Conversations/chat threads

Calling any of the run methods can result in one or more agents running (and hence one or more LLM calls), but it represents a single logical turn in a chat conversation. For example:

  1. User turn: user enter text
  2. Runner run: first agent calls LLM, runs tools, does a handoff to a second agent, second agent runs more tools, and then produces an output.

At the end of the agent run, you can choose what to show to the user. For example, you might show the user every new item generated by the agents, or just the final output. Either way, the user might then ask a followup question, in which case you can call the run method again.

Manual conversation management

You can manually manage conversation history using the RunResultBase.to_input_list() method to get the inputs for the next turn:

async def main():
    agent = Agent(name="Assistant", instructions="Reply very concisely.")

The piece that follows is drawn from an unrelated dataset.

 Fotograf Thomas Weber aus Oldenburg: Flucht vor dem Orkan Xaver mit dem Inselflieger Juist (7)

    thread_id = "thread_123"  # Example thread ID
    with trace(workflow_name="Conversation", group_id=thread_id):
        # First turn
        result = await Runner.run(agent, "What city is the Golden Gate Bridge in?")
        print(result.final_output)
        # San Francisco

        # Second turn
        new_input = result.to_input_list() + [{"role": "user", "content": "What state is it in?"}]
        result = await Runner.run(agent, new_input)
        print(result.final_output)
        # California

Automatic conversation management with Sessions

For a simpler approach, you can use Sessions to automatically handle conversation history without manually calling .to_input_list():

from agents import Agent, Runner, SQLiteSession

async def main():
    agent = Agent(name="Assistant", instructions="Reply very concisely.")

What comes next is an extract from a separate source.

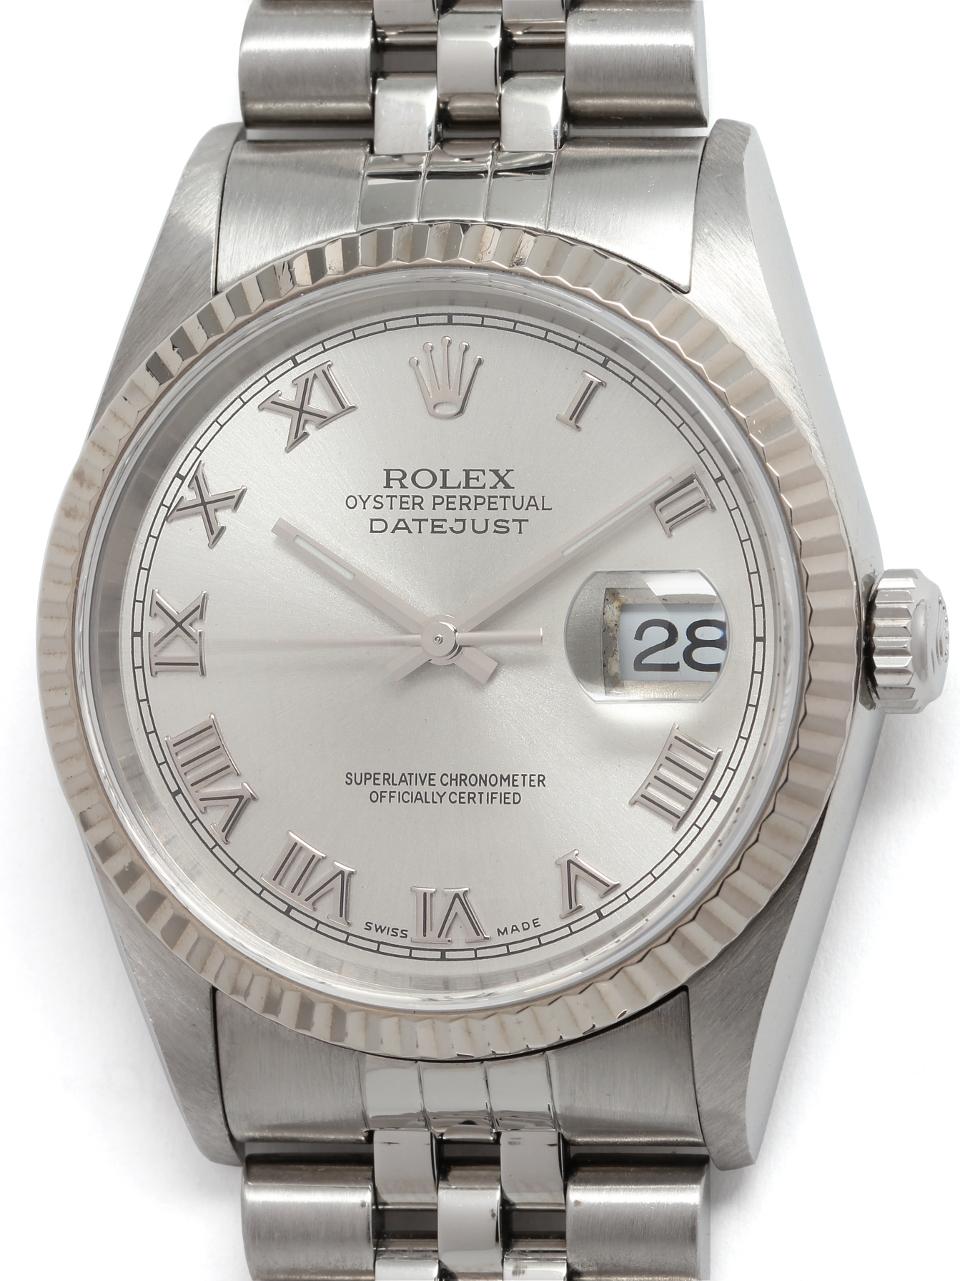 Rolex SS Datejust ref# 16234 circa 2000

    # Create session instance
    session = SQLiteSession("conversation_123")

    with trace(workflow_name="Conversation", group_id=thread_id):
        # First turn
        result = await Runner.run(agent, "What city is the Golden Gate Bridge in?", session=session)
        print(result.final_output)
        # San Francisco

        # Second turn - agent automatically remembers previous context
        result = await Runner.run(agent, "What state is it in?", session=session)
        print(result.final_output)
        # California

Sessions automatically:

  • Retrieves conversation history before each run
  • Stores new messages after each run
  • Maintains separate conversations for different session IDs

See the Sessions documentation for more details.

Long running agents & human-in-the-loop

You can use the Agents SDK Temporal integration to run durable, long-running workflows, including human-in-the-loop tasks. View a demo of Temporal and the Agents SDK working in action to complete long-running tasks in this video, and view docs here.

Exceptions

The SDK raises exceptions in certain cases. The full list is in agents.exceptions. As an overview:

  • AgentsException: This is the base class for all exceptions raised within the SDK. It serves as a generic type from which all other specific exceptions are derived.
  • MaxTurnsExceeded: This exception is raised when the agent's run exceeds the max_turns limit passed to the Runner.run, Runner.run_sync, or Runner.run_streamed methods. It indicates that the agent could not complete its task within the specified number of interaction turns.
  • ModelBehaviorError: This exception occurs when the underlying model (LLM) produces unexpected or invalid outputs. This can include:
    • Malformed JSON: When the model provides a malformed JSON structure for tool calls or in its direct output, especially if a specific output_type is defined.
    • Unexpected tool-related failures: When the model fails to use tools in an expected manner
  • UserError: This exception is raised when you (the person writing code using the SDK) make an error while using the SDK. This typically results from incorrect code implementation, invalid configuration, or misuse of the SDK's API.
  • InputGuardrailTripwireTriggered, OutputGuardrailTripwireTriggered: This exception is raised when the conditions of an input guardrail or output guardrail are met, respectively. Input guardrails check incoming messages before processing, while output guardrails check the agent's final response before delivery.